Within the hour, they were in Hyde Park, barely moving in the crush of the afternoon ride. Rotten Row – aptly named, in West’s estimation – was filled with the throngs of aristocrats and landed gentry who had returned to London for the season, dissatisfied with their pallid, whiled-away winters in the far reaches of Britain, and desperate for color – a blush of gossip.
West nodded to the Earl of Stanhope, who came alongside the carriage on a stunning black horse. “My lord.”
“West. I saw your editorial in the News in favor of the Factory Act. Well put. Children shouldn’t work more than we do.”
“Children shouldn’t work at all,” West replied. “Though I shall take the act’s passage as a sound first start – if word of our combined voices does not frighten away those who might otherwise be inclined toward our views.” The earl was known for his impassioned speeches on the floor of the House of Lords.
Stanhope laughed. “Think of the damage we could do if you’d run for a seat in the House of Commons.”
A wind whipped through the park, as though the universe knew the truth – that West could never run for a seat in the Lower House. That he would not be allowed to converse with earls if his truths were known, and that at some point, at any point, his secrets could become public. For a secret was only a secret until two people knew it.
And in his case, two people knew it. “Too much damage, my lord.”
The earl seemed to sense the shift in the conversation, and he tipped his hat in their direction before heading off down the path.
West and his sister rode in silence for long minutes, until another wind blew, and Cynthia decided to lighten the mood in the curricle.

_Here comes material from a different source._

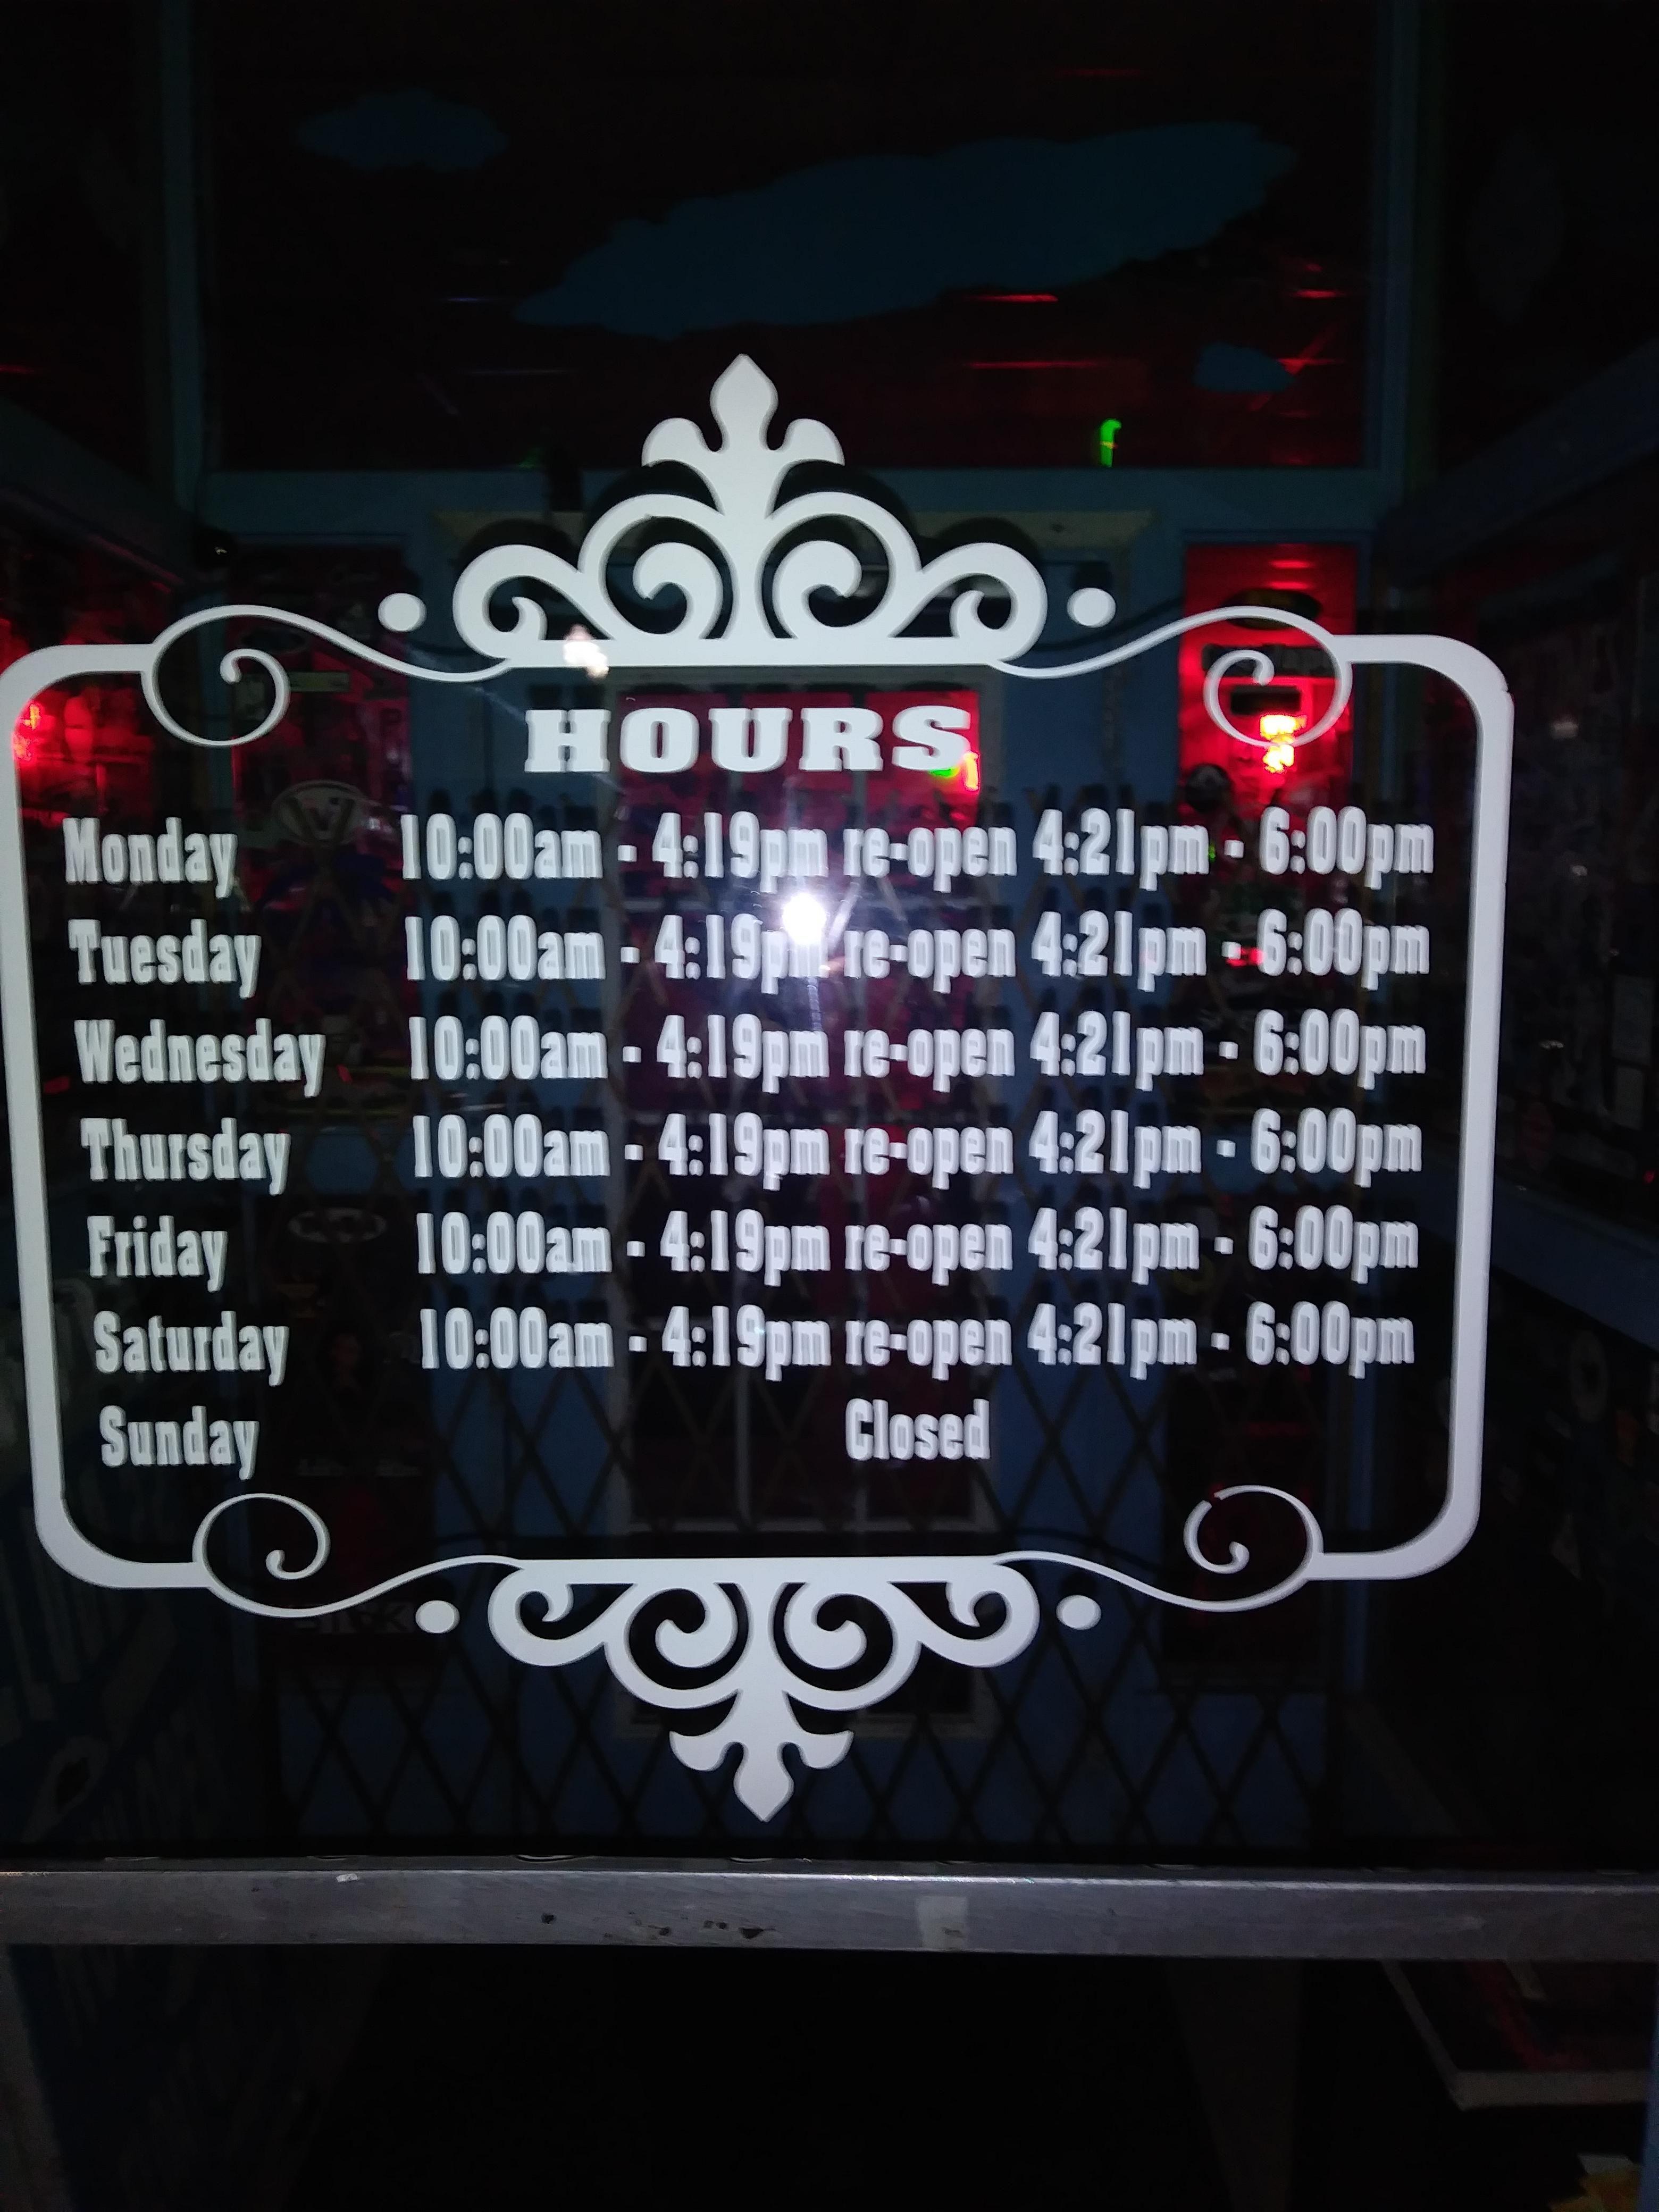 The hours to this smoke shop

Holding on to her enormous hat, she smiled wide at a passing group of doyennes of the ton. She spoke with a bright, happy voice. “It’s a beautiful day for a ride.”

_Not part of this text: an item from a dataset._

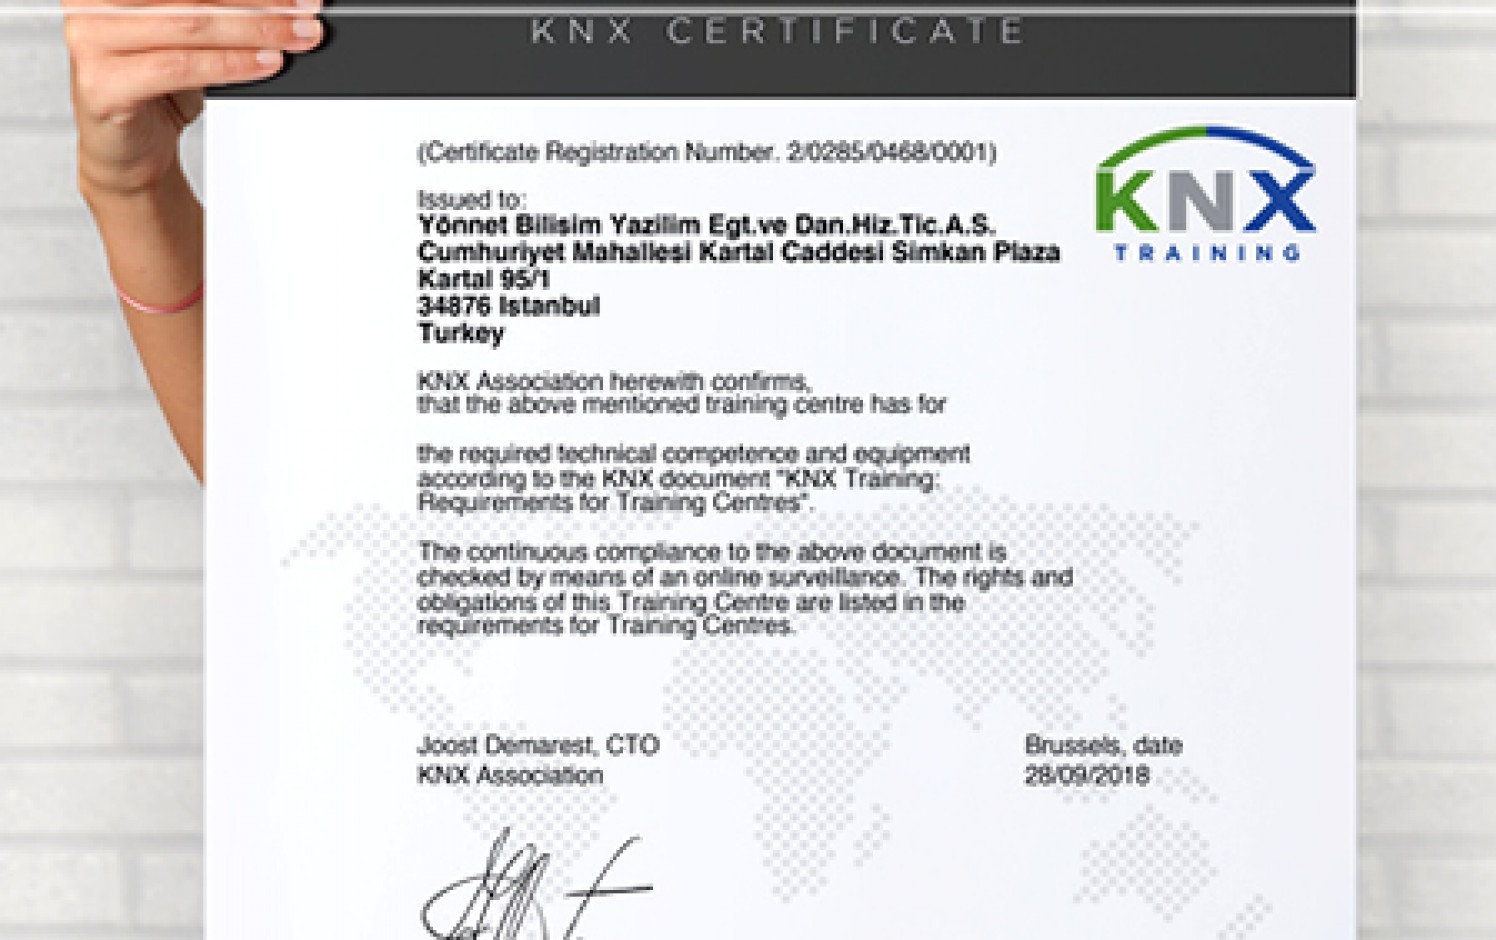 Interra, with the success of the KNX training center, also works for the growth and development of the sector

“It’s grey and threatening to rain.”
She smiled. “It’s London in March, Duncan. That’s practically blue sky.”
He narrowed his gaze on her. “How is it that we are siblings and yet you are so damn impractical?”

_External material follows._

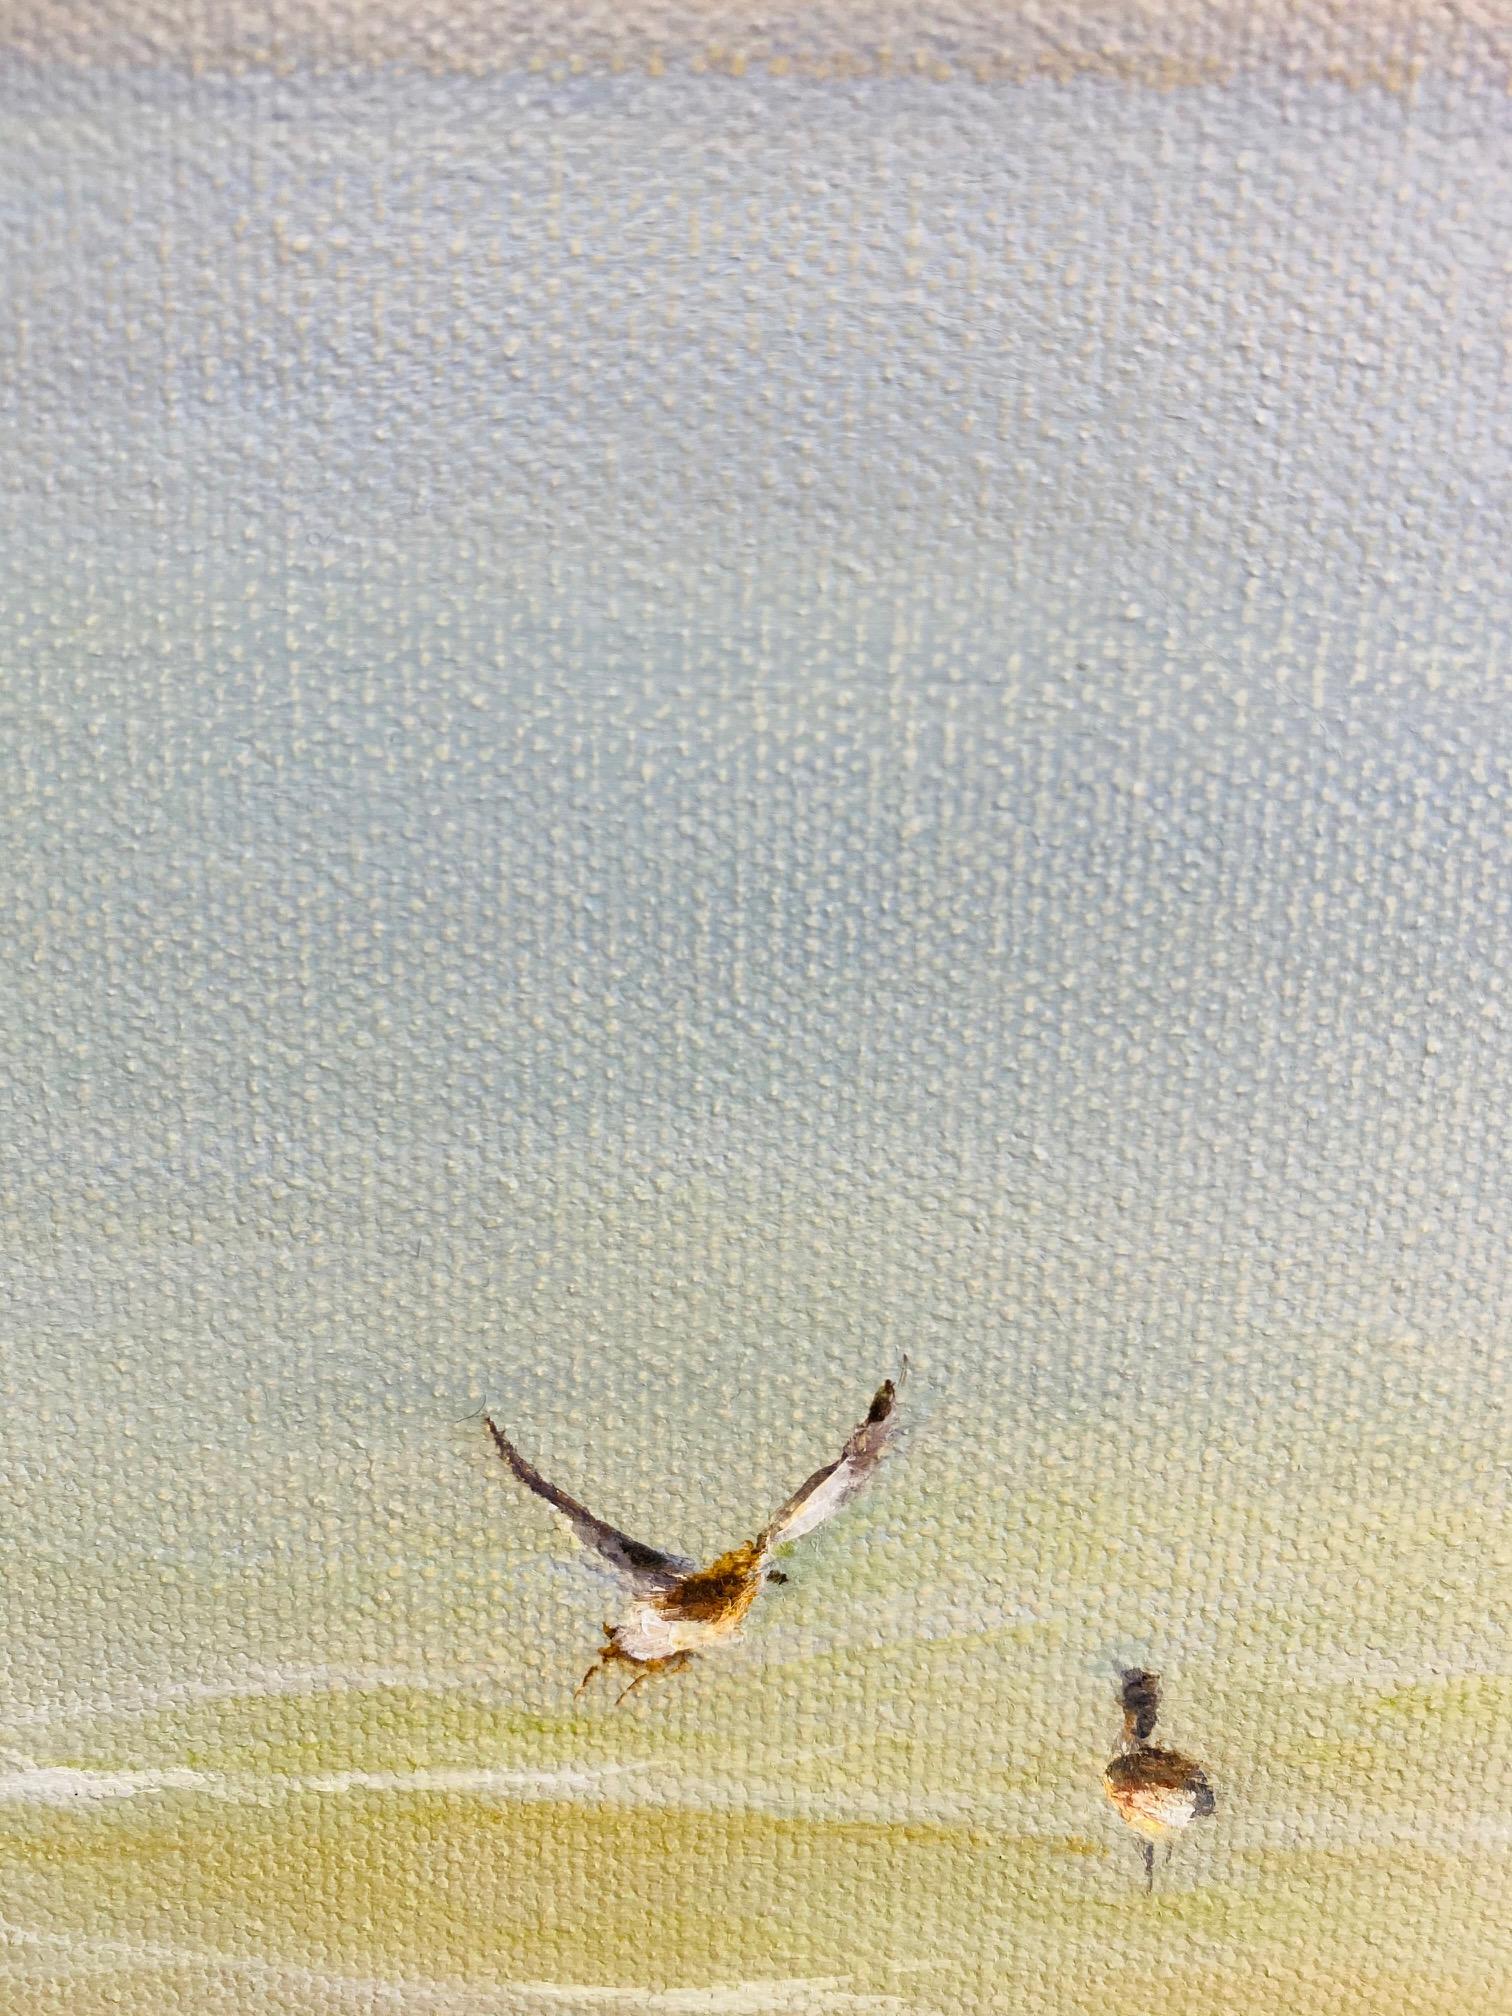 Seagulls in Flight, original 16x40 contemporary marine landscape - Contemporary Painting by Chieh-Nie Cherng

“You say impractical, I say cheerful.” He did not reply, and so she offered, “I suppose the gods were smiling down upon you when they delivered you a baby sister.”
The gods were doing no such thing at the time of her arrival. But he still remembered that day, covered in tar, blisters on his young hands, sent into the laundry where his mother lay hidden in a corner on a makeshift pallet of old blankets, holding a tiny baby.
The memory came without warning. Go on, Jamie, hold your sister.
He had, taking the little mewling bundle. She’d been wrapped in the master’s shirt, one in need of mending. He’d barely seen the baby for that shirt. He’ll be angry that you’ve ruined his shirt.
There’d been sadness in his mother’s eyes when she’d replied, You let me worry about him.
He’d unwrapped the shirt then, to get a good look at this little creature that had been identified as his sister, with a headful of brown hair and the bluest eyes he’d ever seen.
He extinguished the memory before it went too far. “You looked like a goblin.”
She turned shocked eyes on him. “I did not!”
“Maybe not. Perhaps it was more like an old man – all red and blotchy, as though you’d been in the sun or in your cups for too long.”
She laughed. “That’s a horrible thing to say.”
“You grew out of it.” He shrugged one shoulder and added, so no one nearby could hear him, “And the first time I held you, you pissed on me.”